Treating a brain aneurysm demands more than technical expertise, it requires timing, judgement, and seamless coordination. At Manipal Hospital Yelahanka, emergency physicians, neurosurgeons, and neurointerventional specialists collaborate from the first scan onward. Each case is reviewed carefully to determine whether open surgery or endovascular therapy offers the most durable protection. Our program for brain aneurysm coiling in Yelahanka is supported by advanced angiography suites, structured ICU protocols, and vigilant post-procedural monitoring. What truly distinguishes our care is the integration of decisive intervention with steady, transparent communication during high-stress moments.
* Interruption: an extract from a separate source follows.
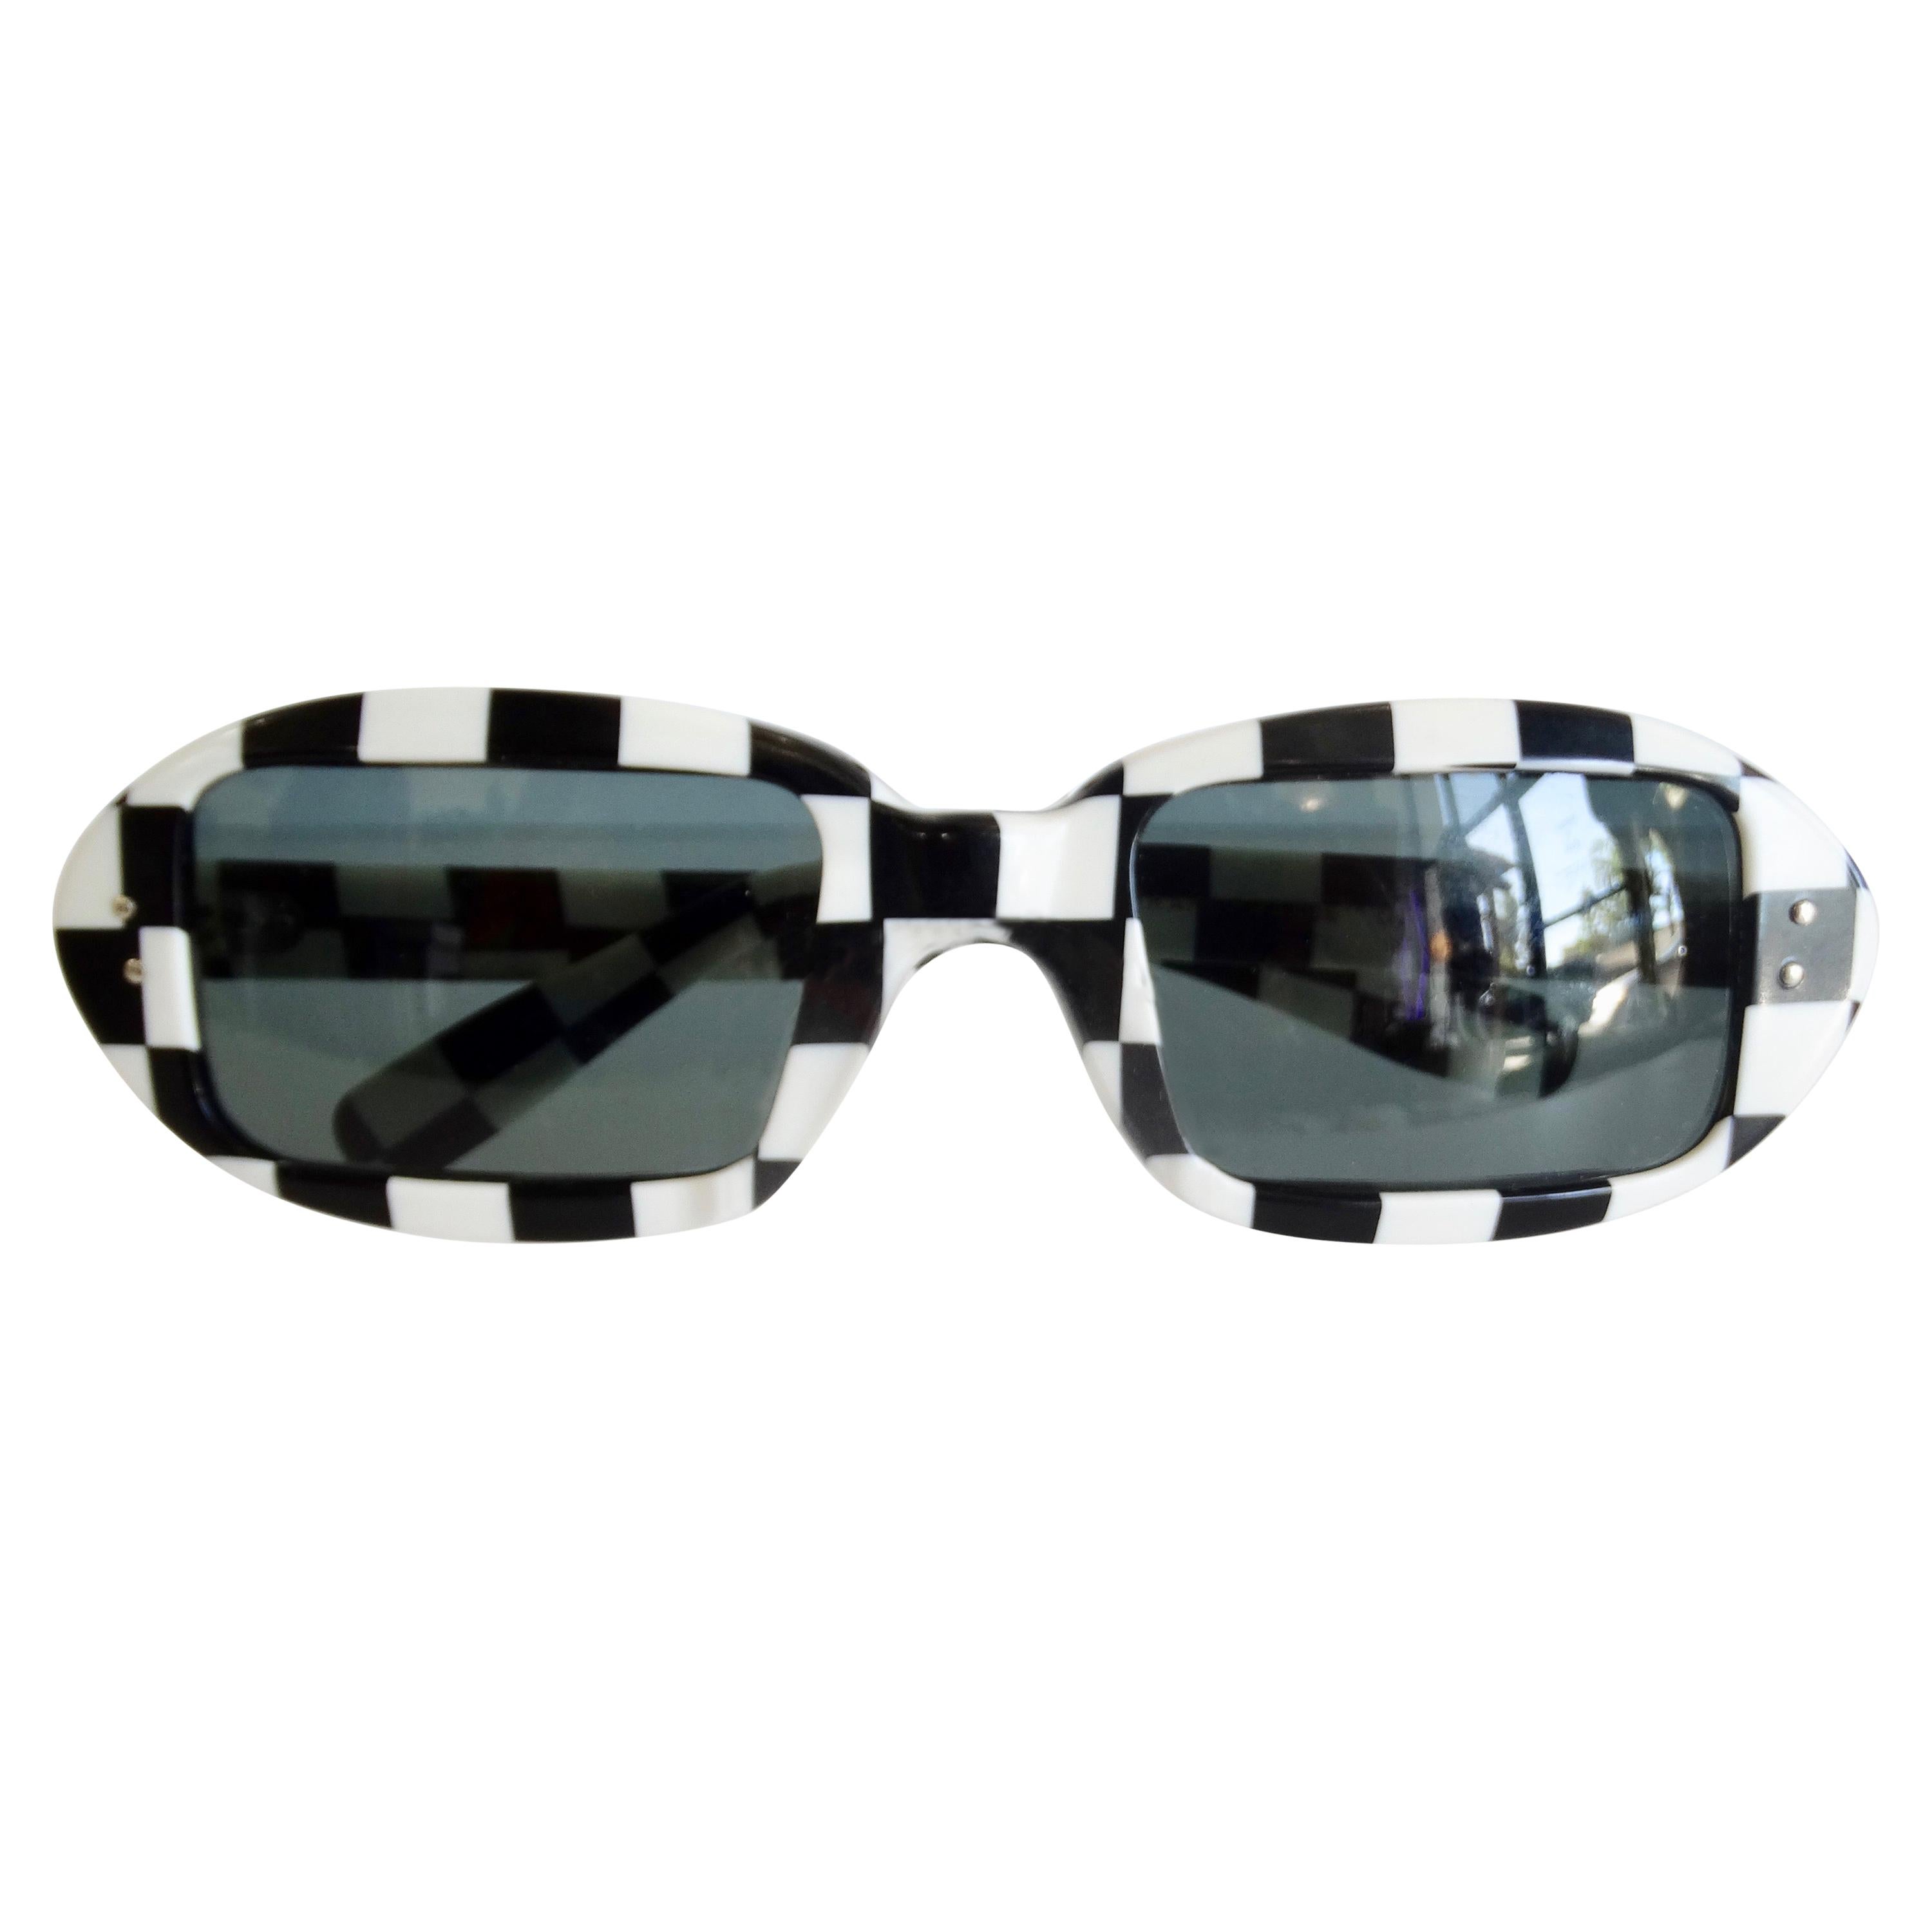 Black and White Check Mod 1960s Sunglasses

This strength is reflected in:
24/7 emergency neurovascular response capability
Advanced digital subtraction angiography systems
Experienced microsurgical and endovascular teams
Structured vasospasm prevention protocols
Dedicated neurological intensive care monitoring
Coordinated rehabilitation planning after stabilisation
Recovery extends beyond securing the aneurysm. Ongoing imaging and neurological assessment ensure long-term protection and functional restoration.
Our Neurovascular and Cerebrovascular Neurosurgery unit focuses on complex vascular disorders of the brain. The team is trained in both microsurgical clipping and advanced catheter-based interventions, allowing truly individualised care. Emphasis remains on preserving neurological function while eliminating rupture risk.
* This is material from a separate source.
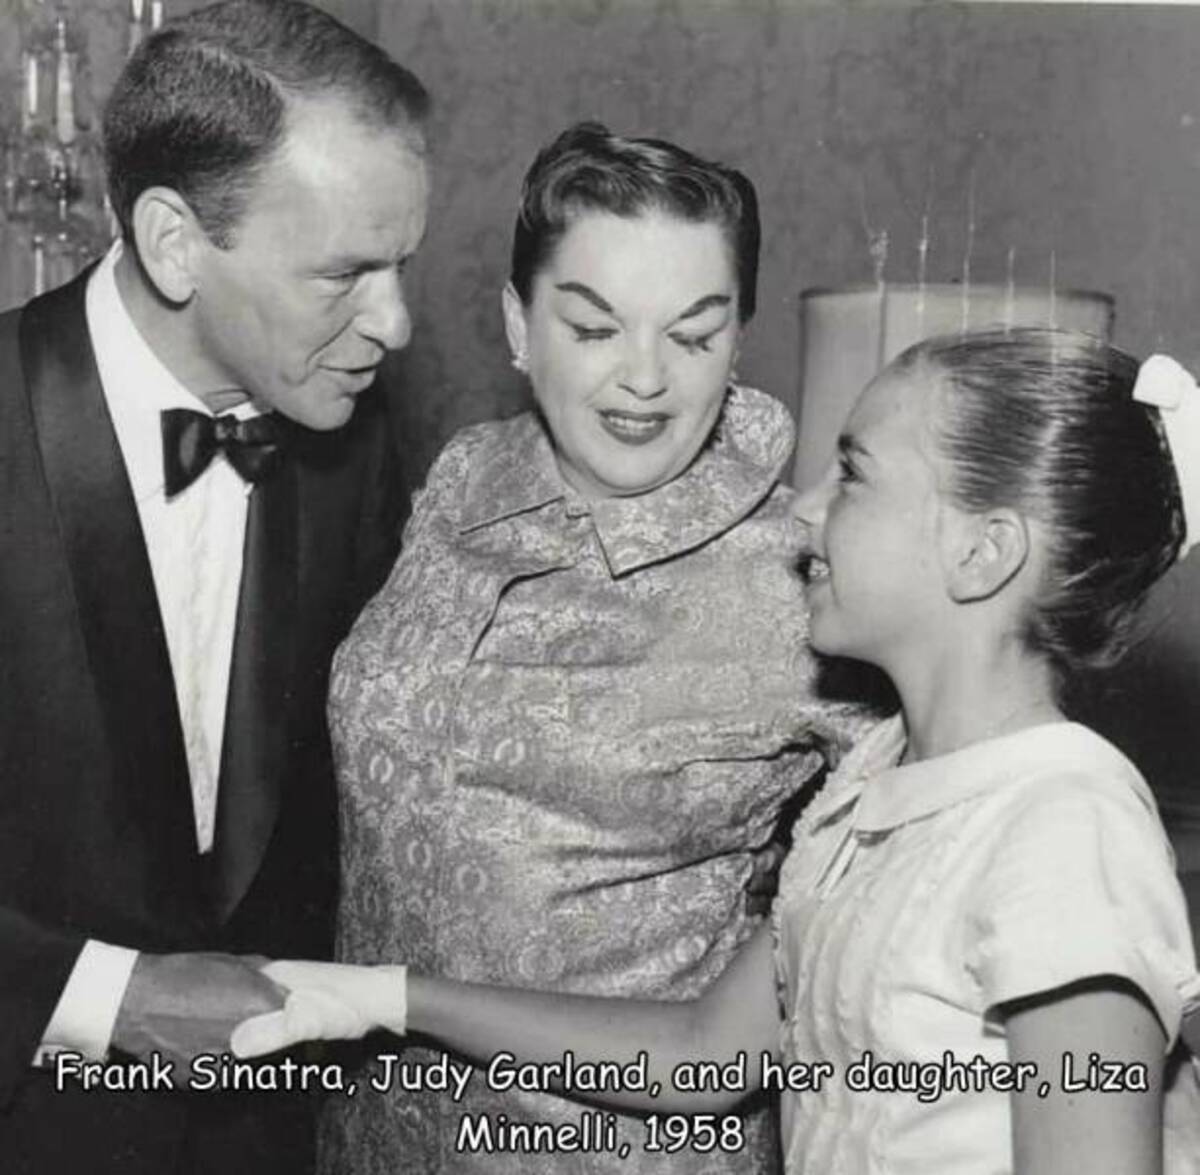 judy garland and frank sinatra - Frank Sinatra, Judy Garland, and her daughter, Liza Minnelli, 1958

Comprehensive management of ruptured and unruptured aneurysms, including microsurgical clipping, endovascular coiling, balloon- and stent-assisted techniques, emergency haemorrhage stabilisation, vasospasm management, and structured neuro-rehabilitation planning. Each pathway is designed to secure the aneurysm while safeguarding cerebral circulation and long-term neurological recovery.
State-of-the-art neurovascular infrastructure supports safe and timely intracranial aneurysm treatment in Yelahanka, from emergency admission to recovery. Our environment combines advanced imaging, surgical precision, and continuous monitoring to minimise risk at every stage. Core capabilities include:
High-resolution CT and CT angiography for rapid diagnosis
Dedicated biplane neuro-angiography suites
Fully equipped neurosurgical operating theatres with microscopy
Continuous intracranial and haemodynamic monitoring systems
Neuro-intensive care units with vasospasm surveillance protocols
Immediate laboratory and transfusion support
Integrated rehabilitation services for post-treatment recovery
This comprehensive ecosystem ensures stability during critical hours and structured follow-up thereafter.
A sudden, severe “worst-ever” headache, neck stiffness, vomiting, or brief loss of consciousness requires emergency evaluation. Immediate imaging helps confirm bleeding and guides urgent intervention to prevent further complications.
Not always. Small, stable aneurysms may be monitored. Treatment is recommended when the size, location, or shape increases the rupture risk. Decisions are individualised after detailed imaging and risk assessment.
Recovery varies. Many patients remain in the hospital for several days under monitoring. Fatigue and mild headaches are common initially, but gradual improvement is expected with structured follow-up and rehabilitation support.
Both are safe when chosen appropriately. Coiling is less invasive and often allows faster recovery, while clipping may provide more durable results for certain aneurysm shapes. The choice depends on anatomy and rupture status.
Yes. Even after successful intracranial aneurysm treatment in Yelahanka, periodic imaging ensures the aneurysm remains sealed and helps detect rare recurrences early, providing continued reassurance and safety.